Ты видишь уставших псов, прогрызающих норы в песке; вечный дождь размывает глаза. Если ты спустишься к берегу, вниз, волны узнают тебя; они расскажут о жёлтом сиянии сна, как и каждую ночь; он с тобой, проносящемся из конца в конец над бесконечной цветущей равниной.
Но на утро, слыша далёкий голос из-за утренней полной луны, ты меняешь цвета. Краски сна на безжизненный синий свет вокруг древней луны. Солнце твоего ада.
Река расплавленного серебра течёт вниз по выжженным холмам на город сна, застывая грязным шлаком на изгибах улиц, вмерзая в сырые брёвна стен.
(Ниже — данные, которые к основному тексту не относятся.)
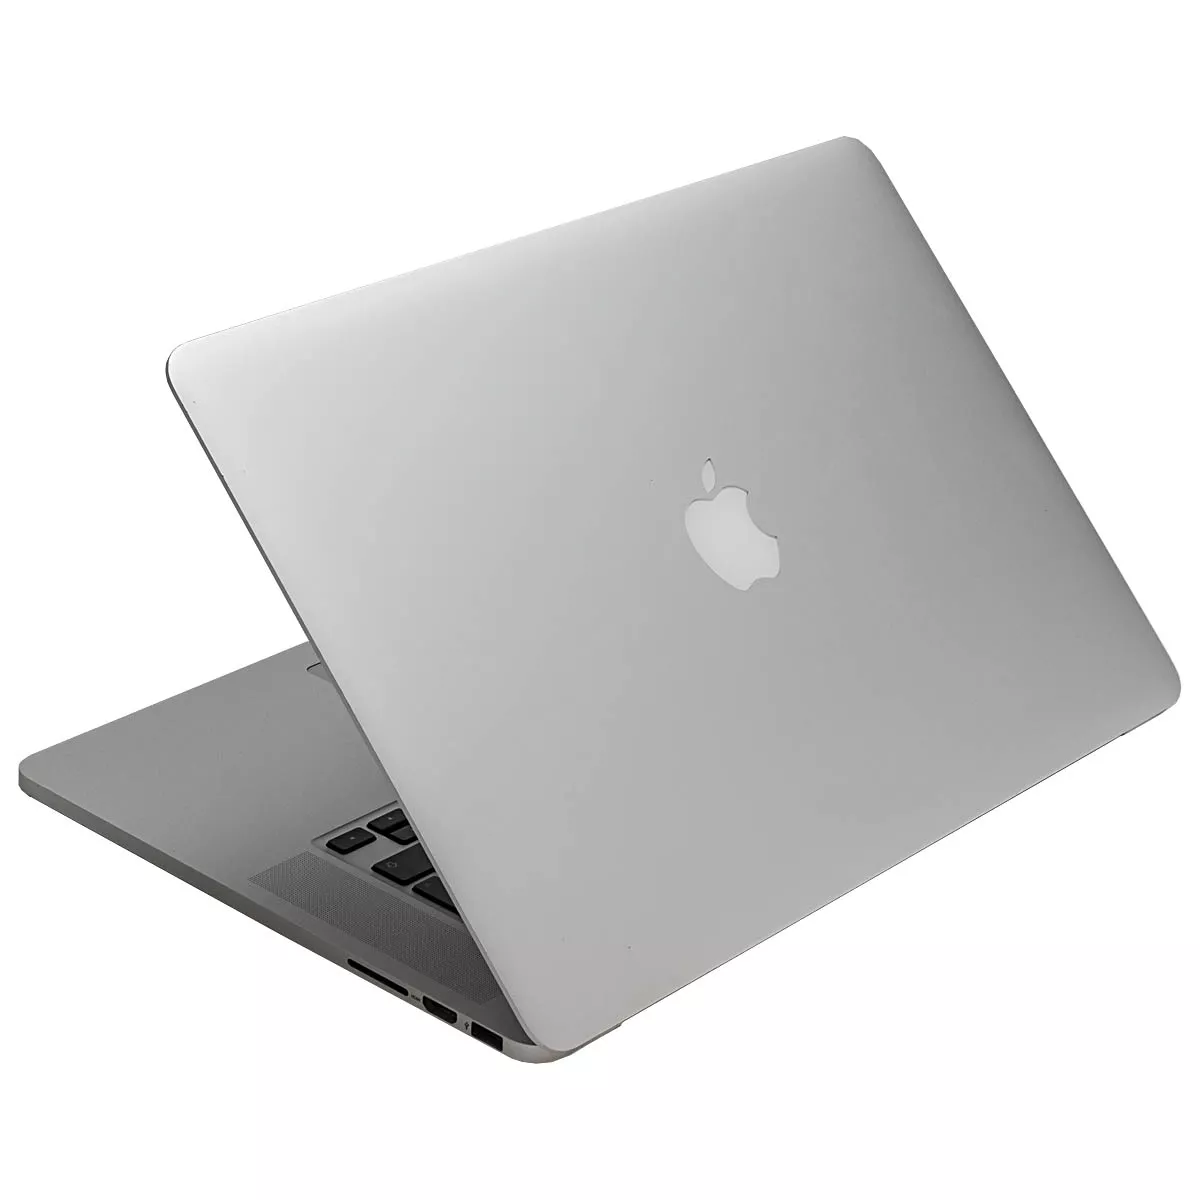 Apple MacBook Pro A1398 Core i7 4750HQ 250 GB Webcam B-Ware
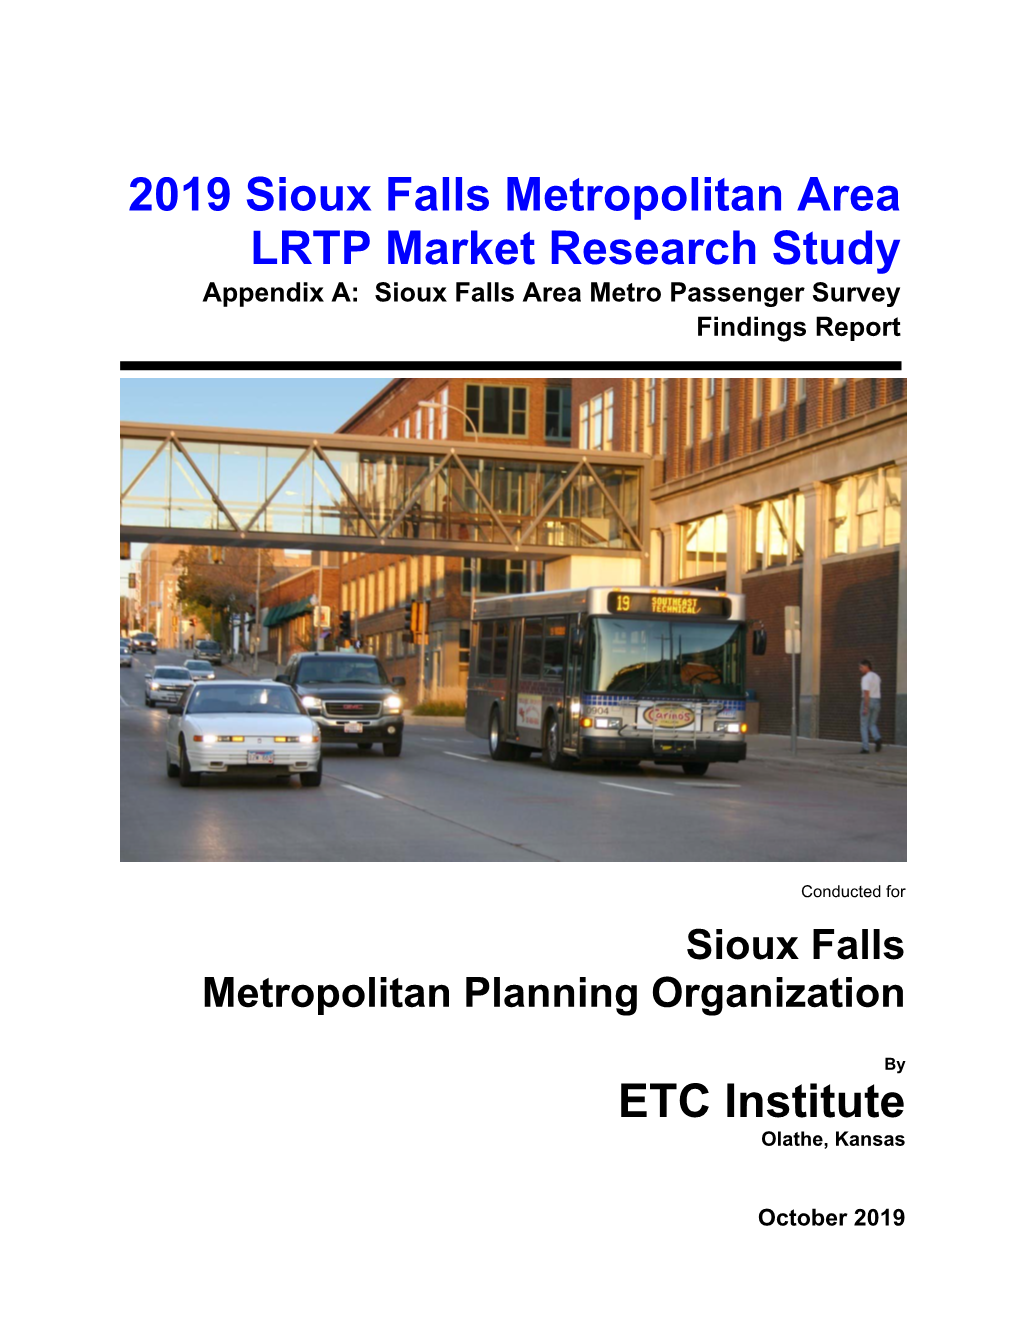 Sioux Falls Area Metro Passenger Survey Findings Report

Измученные красными ночными оргазмами мертвецы, открывающие двери навстречу грязному синему туману, со стонами облегчения растворяются в нём, уносясь бесплотными призраками к набирающей силы луне.
Время червей. Теперь забудь, где ты был и беги. Блики тысяч свечей на влажных изгибах осени. Всё вокруг.
— Посол?
Тёмное дерево в испарине кошмара. Время втекает грязным дымом сквозь щели в приоткрытых окнах. Стелется по полу, вымывая жирную грязь из углов; дальше через порог, прочь. Стальной свет сквозь слизь стекла, вниз из прорванных ночью туч.
«Ты был с нами, отец, посмотри на своих новых детей» — разноцветные твари с подносами в руках, раздевающие грязных младенцев. Крики в тему мелодии струн.
«Поздний ужин, отец. Раздели наш улов.»
Прохладный кристально чистый воздух. Снежные вершины гор вокруг в сиянии высокого солнца. Снег. Ветер.
— Что это за место?
— Не имею ни малейшего понятия, — посол плотнее закутался в плащ, — но здесь красиво.
Они шли по сверкающему склону, бесцельно продвигаясь вперёд по гребню горы.
— И уж во всяком случае безопаснее. Ты позвал меня вовремя. Ещё немного, и я уже никогда не смог бы вывести нас оттуда, — снежная пауза. — Для чего мы там были? Зачем ты привёл нас?
Глаза снега сквозь мерцание дня. Ниа стоит, отдав пустующий взгляд далёким вершинам холодных гор.
— Я не знаю. Я никогда раньше не видел тех мест, в которых я был. И сейчас мне всё больше кажется, что я провёл вечность в предместьях ада.
Посол пристально смотрел в глаза цвета осеннего неба.
— Ты не узнал своего дома?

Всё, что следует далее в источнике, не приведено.